Improved Simpson's rule
12-16-2015, 07:12 PM (This post was last modified: 01-12-2018 11:03 AM by Dieter.)
Post: #1
 Dieter Senior Member Posts: 2,397 Joined: Dec 2013
Improved Simpson's rule
Recently there were some discussions regarding a compact implementation of Simpson's rule. I would like to add an improved version that calculates a new, usually more exact approximation from two Simpson approximations with n and 2n intervals. This way the user also gets an estimate for the approximation error.

The following code has not seen much testing.
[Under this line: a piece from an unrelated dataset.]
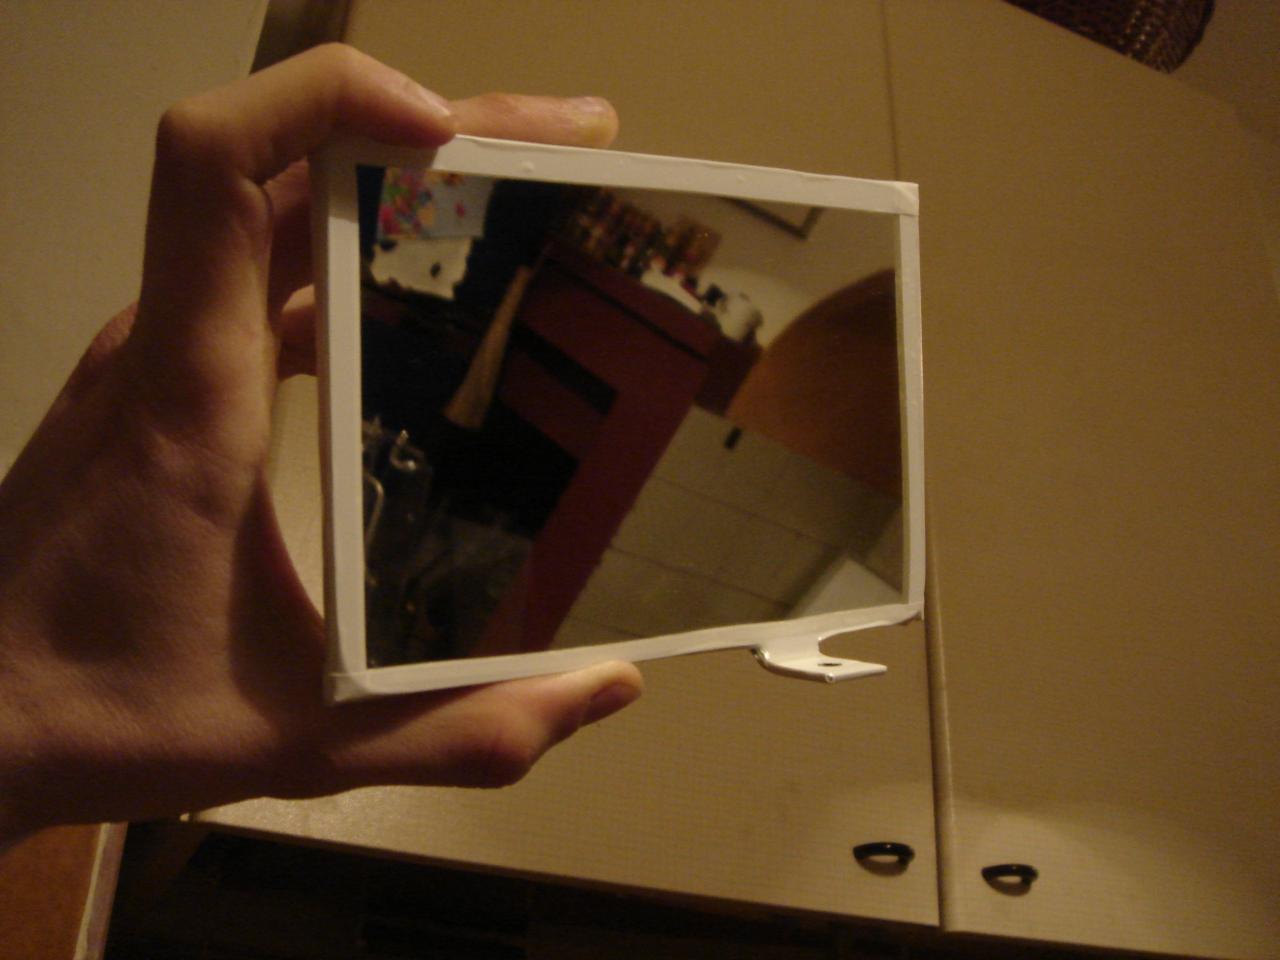 Montaggio specchio per videoproiettore nel case - Lo specchio di carta ...

In fact I wrote it this morning during breakfast. ;-) So take care and please report all errors you find.

Code:
01  LBL"SIMP" 02  "LIMITS A↑B?" 03  PROMPT 04  STO 02    ' save b temporarily in R02 05  X<>Y 06  STO 01    ' save a 07  - 08  2 09  STO 04    ' n = 2 10  / 11  STO 03    ' h = (b-a)/2 12  RCL 01 13  XEQ 99    ' f(a) 14  X<> 02 15  XEQ 99    ' f(b) 16  ST+ 02    ' save f(a)+f(b) in R02 17  CLX 18  STO 07    ' s2 = 0 19  RCL 01 20  RCL 03 21  + 22  XEQ 99    ' f((a+b)/2) 23  STO 06    ' =: s4 24  4 25  * 26  RCL 02 27  + 28  RCL 03 29  * 30  3 31  / 32  STO 08    ' Simpson approx. for n=2 33  SF 01     ' set "first iteration" flag 34  LBL 01 35  CLX 36  X<> 06    ' new s4 = 0 37  ST+ 07    ' new s2 = old s2 + old s4 38  RCL 03    ' R03 holds 2h 39  2 40  /         ' = h 41  RCL 01 42  + 43  STO 00    ' first x = a + h 44  RCL 04 45  STO 05    ' initialize counter 46  LBL 02 47  RCL 00 48  XEQ 99    ' f(x) 49  ST+ 06    ' s4 = s4 + f(x) 50  RCL 03 51  ST+ 00    ' x = x + 2h 52  DSE 05 53  GTO 02    ' end of loop 54  RCL 08    ' recall previous Simpson approximation 55  RCL 06 56  ST+ X     ' 2*s4 57  RCL 07 58  +         ' 2*s4 + s2 59  ST+ X 60  RCL 02 61  +         ' 4*s4 + 2*s2 + f(a) + f(b) ... 62  RCL 03 63  * 64  6 65  /         ' ... * 2h/6 66  STO 08    ' = new Simpson approximation 67  FS?C 01   ' first iteration? 68  STO 09    ' then save this as previous estimate 69  16 70  * 71  X<>Y 72  - 73  15        ' calculate improved extrapolated value 74  /         ' from new and previous Simpson approximation 75  X<> 09 76  RCL 09    ' return old and new extrapolations in Y and X 77  STOP      ' and stop 78  2 79  ST/ 03    ' h := h/2 80  ST* 04    ' n := 2 n 81  GTO 01    ' start next approximation with 2 n nodes 82  LBL 99    ' f(x) starts here ..  ...       ' If required, R00 can be used to store X nn  RTN

Insert your function at LBL 99 and start "SIMP". The program returns a sequence of approximations, with the latest one in X and the previous in Y.
So pressing [x<>y] switches between the current and previous approximation.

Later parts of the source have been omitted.